Seventeenth-century Frenchman Jean de La Fontaine happily plundered Aesop and other classical writers as a source for his witty, elegant fables, as well as inventing a number of his own. Seeking to expose the weaknesses of human nature, he offered vivid perspectives on greed and flattery, envy and avarice, love and friendship, old age and death. The sixty fables collected here - from 'The Crow and the Fox' and 'The Cock and the Pearl' to 'The Grasshopper and the Ant' and 'The Town Mouse and the Country Mouse' - are illustrated with more than a hundred drawings by R. de La Neziere which which charmingly capture La Fontaine's unforgettable cast of animal personalities.

 

This book is part of a book series called Everymans Library Childrens Classics .

There are 160 pages in this book. This book was published 2001 by Everyman .

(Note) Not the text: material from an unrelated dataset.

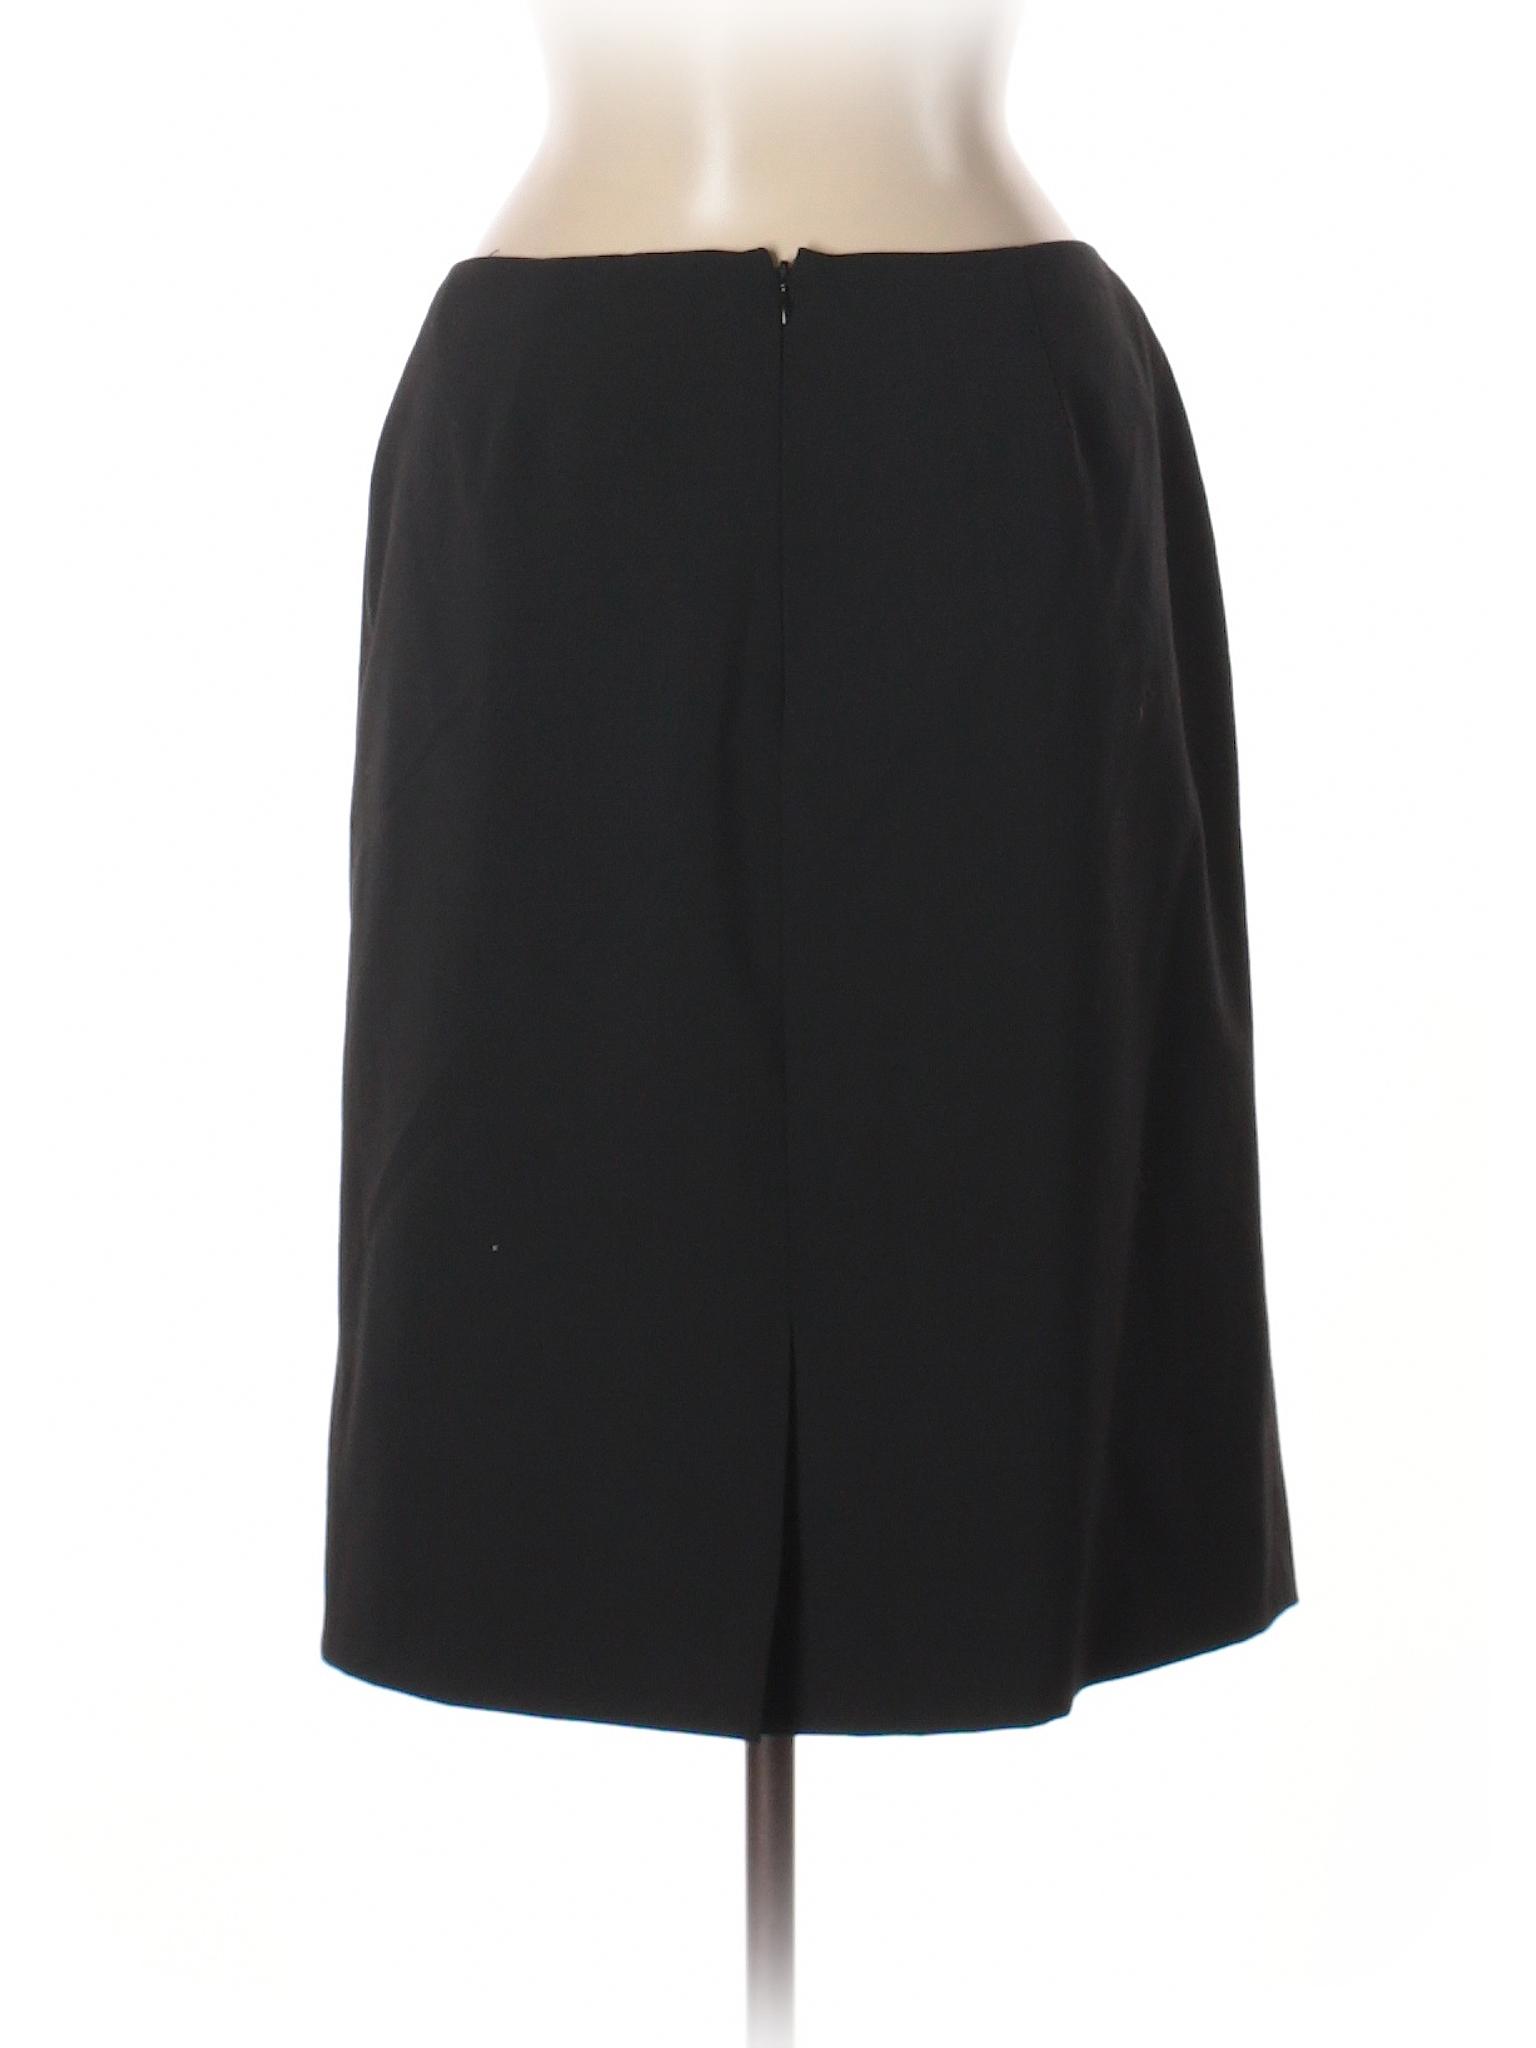 Boutique Casual Skirt Skirt Boutique Casual Casual Boutique UqHw57PH
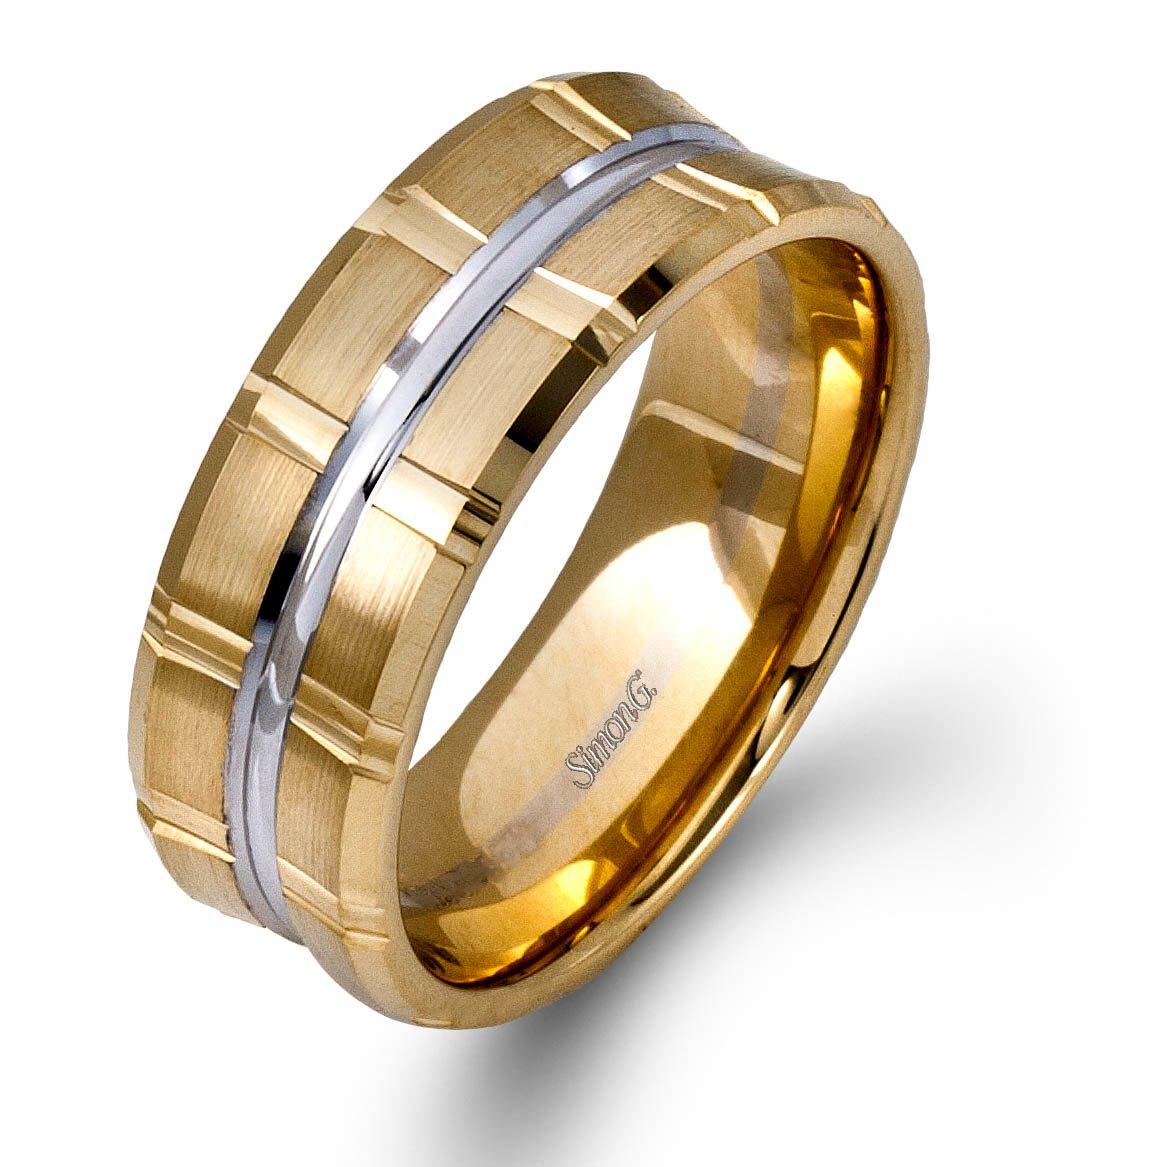 3c6e94e9832 Simon G Plain Yellow Gold Mens Wedding bands. Designer Engagement Rings    Fine Jewelry  Arthur s Jewelers

Jean de La Fontaine (1621-1695) was born at Chateau-Thierry in the Champagne region of France, and is probably the most widely-read French poet of the seventeenth century. He counted Racine and Moliere among his close friends and was elected to the Academie Francaise in 1684. His Fables, the first of six books of which was published in 1668, were a great success, and continue to be taught widely in French schools. AESOP probably lived in the middle part of the sixth century BC. A statement in Herodotus gives grounds for thinking that he was a slave.